▸ **What is required**: Retype all of the records shown beneath this task, exactly as they stand.
Start of Block
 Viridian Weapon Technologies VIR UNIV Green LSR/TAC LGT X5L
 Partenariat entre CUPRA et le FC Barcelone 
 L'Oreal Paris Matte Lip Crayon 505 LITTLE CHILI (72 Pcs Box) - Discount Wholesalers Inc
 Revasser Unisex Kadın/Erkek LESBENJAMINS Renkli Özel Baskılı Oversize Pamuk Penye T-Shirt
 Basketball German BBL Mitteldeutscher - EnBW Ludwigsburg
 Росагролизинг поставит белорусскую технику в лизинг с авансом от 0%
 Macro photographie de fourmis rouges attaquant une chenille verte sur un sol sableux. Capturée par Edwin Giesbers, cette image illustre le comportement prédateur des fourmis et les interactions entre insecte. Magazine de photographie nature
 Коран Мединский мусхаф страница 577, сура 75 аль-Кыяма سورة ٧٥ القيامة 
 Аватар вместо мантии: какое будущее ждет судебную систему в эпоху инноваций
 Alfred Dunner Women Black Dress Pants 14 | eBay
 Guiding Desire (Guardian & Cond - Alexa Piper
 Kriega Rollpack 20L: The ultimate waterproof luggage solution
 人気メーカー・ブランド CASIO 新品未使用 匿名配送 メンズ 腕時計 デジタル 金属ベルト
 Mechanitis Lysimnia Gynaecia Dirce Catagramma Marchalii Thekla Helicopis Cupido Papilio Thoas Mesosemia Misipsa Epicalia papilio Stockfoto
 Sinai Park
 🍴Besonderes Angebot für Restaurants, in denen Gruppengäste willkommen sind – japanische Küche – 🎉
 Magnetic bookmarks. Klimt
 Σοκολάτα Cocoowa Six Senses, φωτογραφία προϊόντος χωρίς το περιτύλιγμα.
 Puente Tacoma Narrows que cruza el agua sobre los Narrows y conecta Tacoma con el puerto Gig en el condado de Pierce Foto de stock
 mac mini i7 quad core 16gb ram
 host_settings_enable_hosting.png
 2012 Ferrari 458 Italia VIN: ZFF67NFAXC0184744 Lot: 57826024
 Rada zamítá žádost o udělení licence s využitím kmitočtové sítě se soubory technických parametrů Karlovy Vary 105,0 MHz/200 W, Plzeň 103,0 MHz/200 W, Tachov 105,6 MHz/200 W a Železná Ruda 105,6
End of Block
▸ **Output for this task**:
 Viridian Weapon Technologies VIR UNIV Green LSR/TAC LGT X5L
 Partenariat entre CUPRA et le FC Barcelone 
 L'Oreal Paris Matte Lip Crayon 505 LITTLE CHILI (72 Pcs Box) - Discount Wholesalers Inc
 Revasser Unisex Kadın/Erkek LESBENJAMINS Renkli Özel Baskılı Oversize Pamuk Penye T-Shirt
 Basketball German BBL Mitteldeutscher - EnBW Ludwigsburg
 Росагролизинг поставит белорусскую технику в лизинг с авансом от 0%
 Macro photographie de fourmis rouges attaquant une chenille verte sur un sol sableux. Capturée par Edwin Giesbers, cette image illustre le comportement prédateur des fourmis et les interactions entre insecte. Magazine de photographie nature
 Коран Мединский мусхаф страница 577, сура 75 аль-Кыяма سورة ٧٥ القيامة 
 Аватар вместо мантии: какое будущее ждет судебную систему в эпоху инноваций
 Alfred Dunner Women Black Dress Pants 14 | eBay
 Guiding Desire (Guardian & Cond - Alexa Piper
 Kriega Rollpack 20L: The ultimate waterproof luggage solution
 人気メーカー・ブランド CASIO 新品未使用 匿名配送 メンズ 腕時計 デジタル 金属ベルト
 Mechanitis Lysimnia Gynaecia Dirce Catagramma Marchalii Thekla Helicopis Cupido Papilio Thoas Mesosemia Misipsa Epicalia papilio Stockfoto
 Sinai Park
 🍴Besonderes Angebot für Restaurants, in denen Gruppengäste willkommen sind – japanische Küche – 🎉
 Magnetic bookmarks. Klimt
 Σοκολάτα Cocoowa Six Senses, φωτογραφία προϊόντος χωρίς το περιτύλιγμα.
 Puente Tacoma Narrows que cruza el agua sobre los Narrows y conecta Tacoma con el puerto Gig en el condado de Pierce Foto de stock
 mac mini i7 quad core 16gb ram
 host_settings_enable_hosting.png
 2012 Ferrari 458 Italia VIN: ZFF67NFAXC0184744 Lot: 57826024
 Rada zamítá žádost o udělení licence s využitím kmitočtové sítě se soubory technických parametrů Karlovy Vary 105,0 MHz/200 W, Plzeň 103,0 MHz/200 W, Tachov 105,6 MHz/200 W a Železná Ruda 105,6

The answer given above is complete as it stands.